The present disclosure relates to the technical field of eyeball tracking, in particular to an eyeball tracking optical system and a head-mounted device.

BACKGROUND

An eyeball tracking technology may be realized by an optical recording method. The principle of the optical recording method is that movement of eyes of a tested person is recorded by using an infrared camera, namely, an image of the eyes which may reflect movement of the eyes is acquired, and features of the eyes are extracted from the obtained image of the eyes to establish an estimation model of sight. The features of the eyes may include: a pupil location, a pupil shape, an iris location, an iris shape, an eyelid location, a canthus location, a facula location (or a purkinje image), and the like. The optical recording method includes a pupil-cornea reflection method. The principle of the pupil-cornea reflection method is that a near-infrared light source irradiates the eyes, the infrared camera shoots the eyes, and meanwhile, a reflection point, on the cornea, of the light source, namely, a facula is shot, so that an image of the eyes with the facula is acquired.

At present, Virtual Reality (VR) helmets tend to be developed and designed in a direction of being thin and foldable, so most of them will be developed into products based on compact display optical machines. FIG. 1 is a schematic structure diagram of an eyeball tracking optical system provided by the relevant art, as shown in FIG. 1, in a near-eye eyeball tracking device, a camera 11 adopts an external reflection shooting solution, light ray S0 emitted by a light source 12 is reflected by an eyeball 13, reflection light S0′ enters a camera 11 after being reflected by a reflector 14, and finally, an image of eyes is presented. FIG. 1 illustrates a light path for shooting an image of eyes by external reflection of a camera, in which the camera 11 is located outside all lenses of the near-eye eyeball tracking device, in order not to obstruct the field of view and not to interfere with other locations, the camera 11 is disposed at the edge of an optical lens and not too far from the optical lens, therefore, the shooting angle of the camera is sometimes very large, part of area of the eyes is blocked and cannot be collected, and consequently, the effective utilization rate of a light-sensitive face of the camera 11 is not high.

SUMMARY

The present disclosure provides an eyeball tracking optical system and a head-mounted device, in a light path for shooting an image of eyes by external reflection of an image collection module, by adding at least one reflection prism at the front end of a light-sensitive face of the image collection module, the effects of reducing the size of the system, extending the light path and reducing a shooting angle of the image collection module may be achieved, the light-sensitive face of the image collection module is more effectively utilized, the shooting area of eyes is expanded, the problem of incomplete imaging due to the fact that part of area of the eyes is blocked is well solved, and the imaging quality of the image of eyes is improved.
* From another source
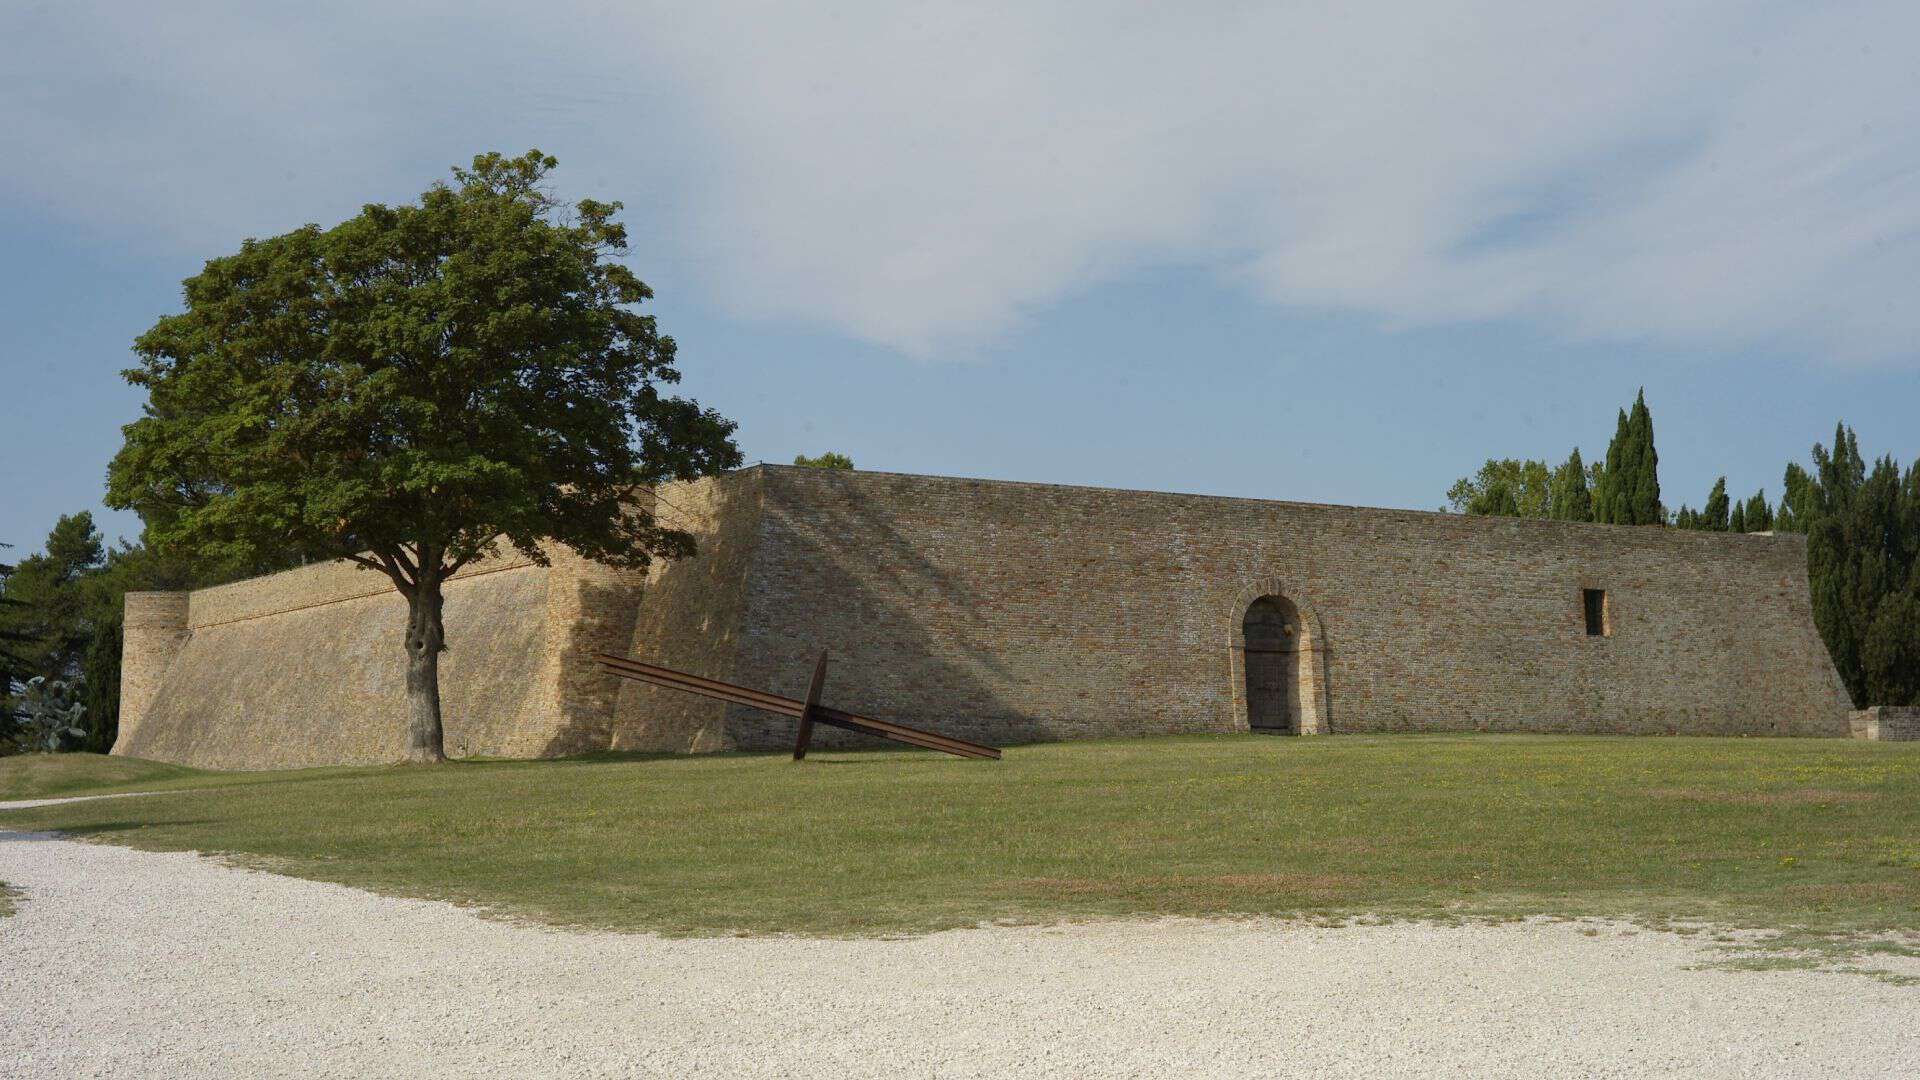 Eingang zur Festung Albornoz (Bildquelle: Limoncellista)

The present disclosure provides an eyeball tracking optical system, which includes a light source module, a fixed lens group module, a prism module and an image collection module.

The light source module and the image collection module are both located at the edge of the side, close to the eyeball of a user, of the fixed lens group module, and the light source module is configured to transmit a light ray of a preset wavelength to the eyeball of the user; and the light ray of the preset wavelength form a reflection light ray after being reflected by the eyeball of the user.

The prism module includes at least one reflection prism, and at least one reflection prism is located at the front end of a light-sensitive face of the image collection module; and after being reflected by the fixed lens group module, the reflection light ray enters the image collection module after being reflected by the at least one reflection prism, and the image collection module is configured to generate an image of the eyeball of the user.

Optionally, a reflection face of the reflection prism is a plane.

Optionally, an included angle between the reflection face of the reflection prism and a plane where a light-sensitive face of the image collection module is located is α, and 0°<α<90°.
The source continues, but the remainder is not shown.